From the listing below, restate word for word the lines from the line containing "Monday Start Blank" down through the line containing "Dictionnaire Nouveau Petit". Exclude pictures.
(Beginning of ENTRIES SUPPLIED)
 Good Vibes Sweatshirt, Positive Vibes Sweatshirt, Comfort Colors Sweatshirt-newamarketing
(End of ENTRIES SUPPLIED)
(Beginning of ENTRIES SUPPLIED)
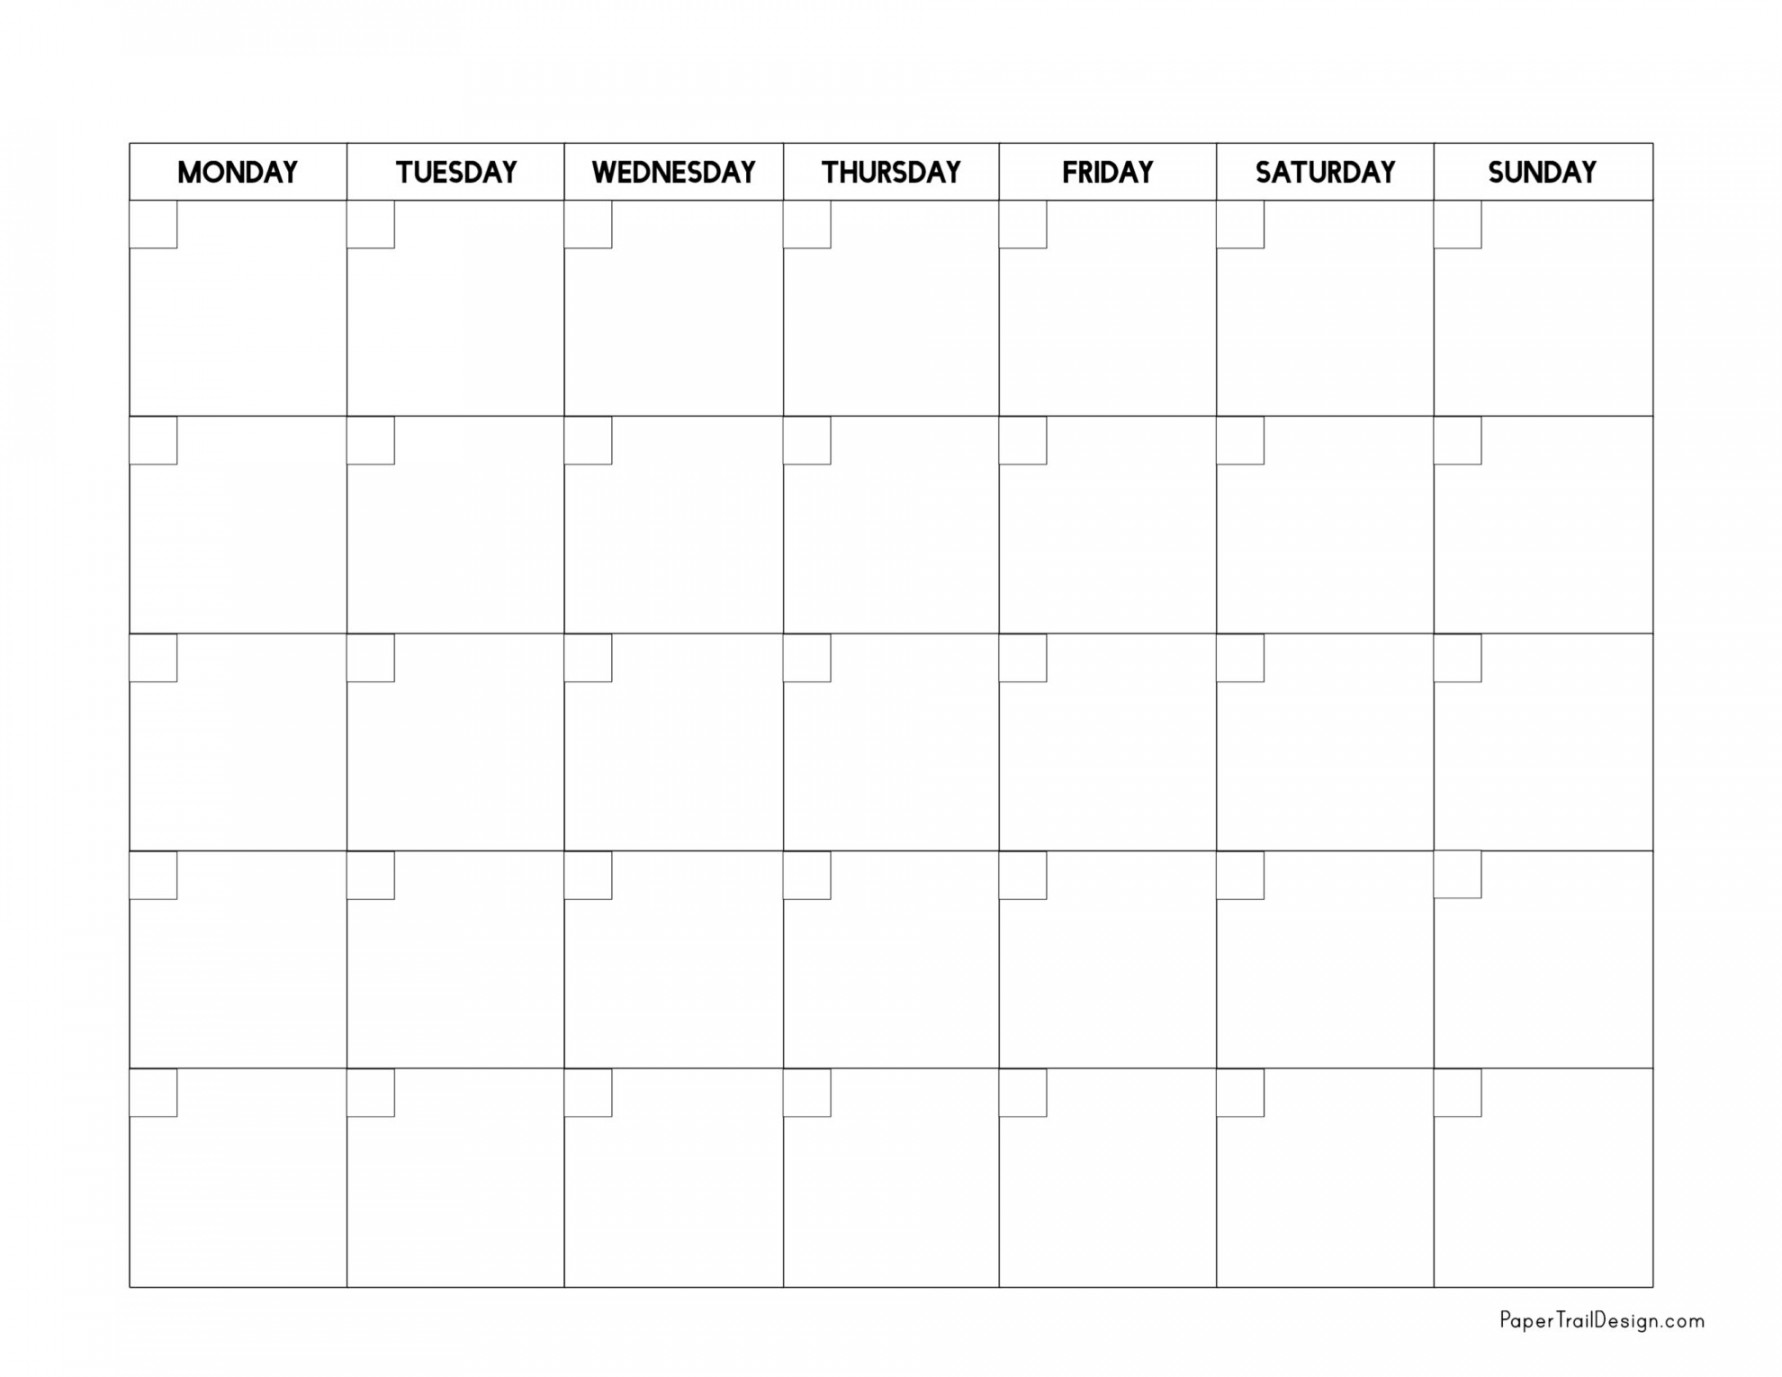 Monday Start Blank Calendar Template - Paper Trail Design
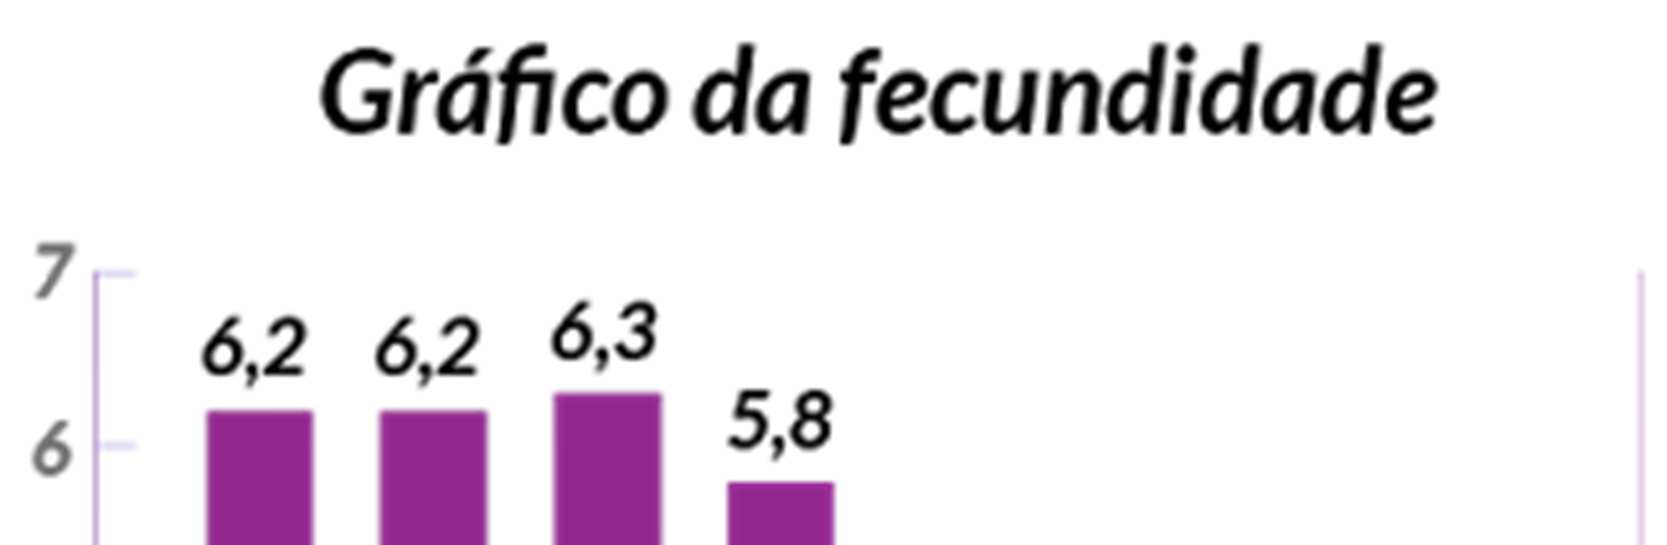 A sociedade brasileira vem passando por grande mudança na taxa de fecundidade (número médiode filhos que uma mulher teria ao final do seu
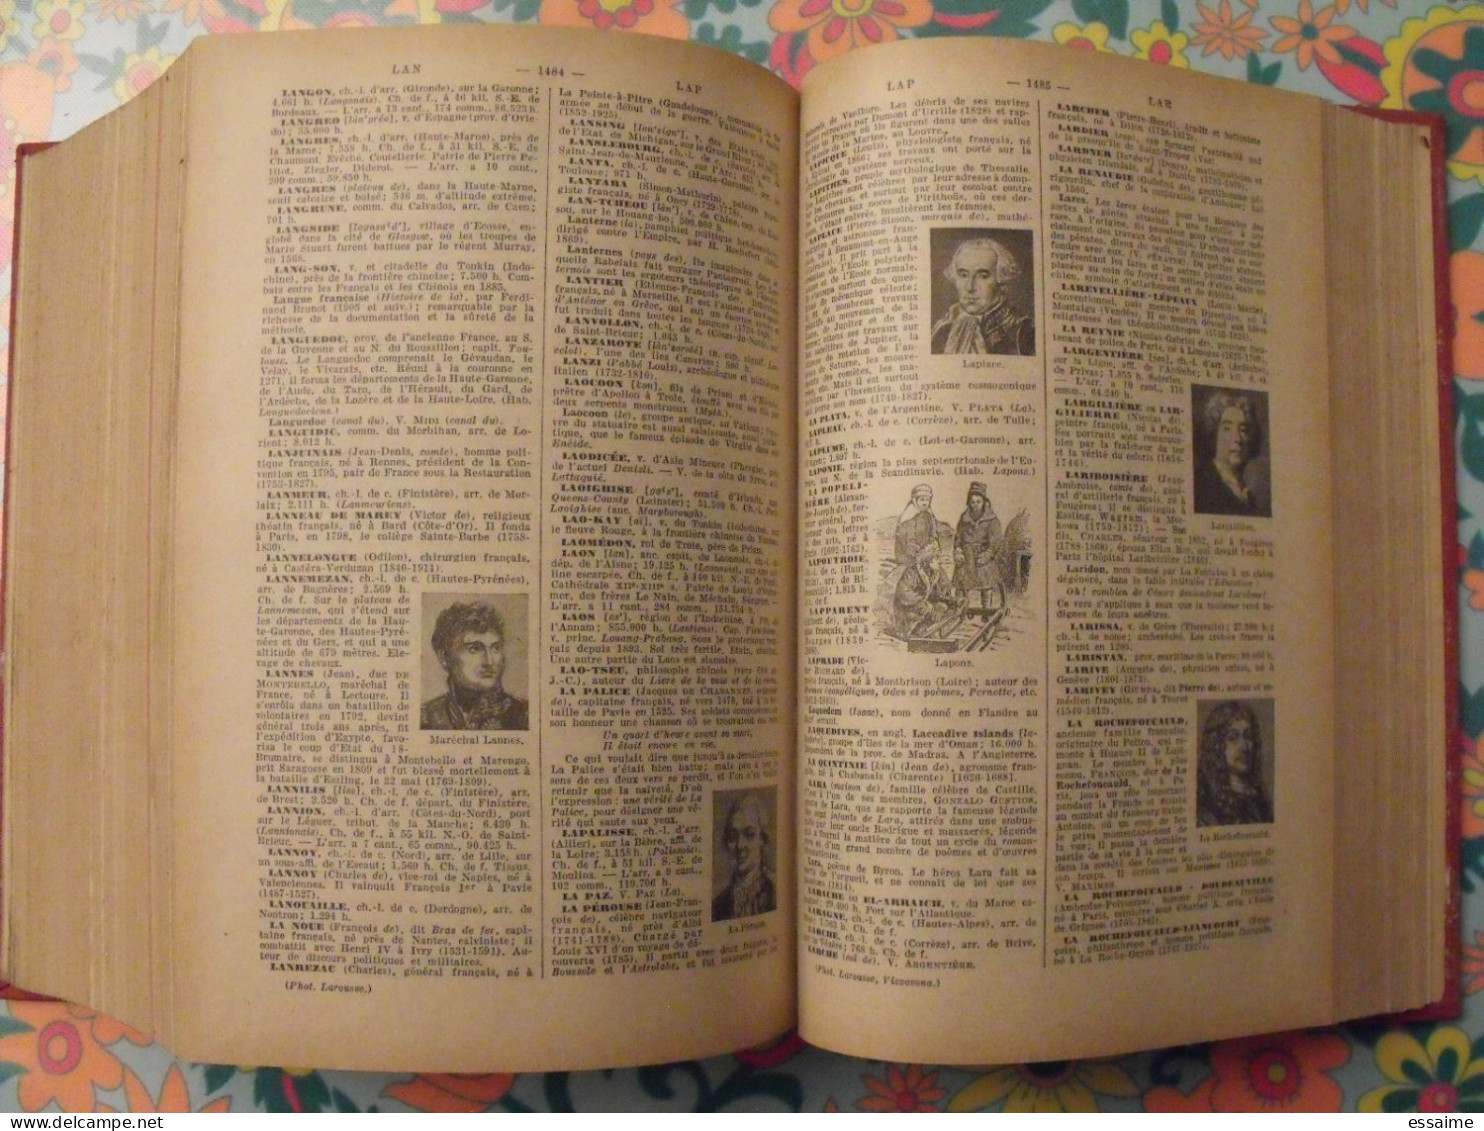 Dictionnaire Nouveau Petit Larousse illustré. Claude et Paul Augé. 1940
(End of ENTRIES SUPPLIED)
• RESPONSE AREA
 Monday Start Blank Calendar Template - Paper Trail Design
 A sociedade brasileira vem passando por grande mudança na taxa de fecundidade (número médiode filhos que uma mulher teria ao final do seu
 Dictionnaire Nouveau Petit Larousse illustré. Claude et Paul Augé. 1940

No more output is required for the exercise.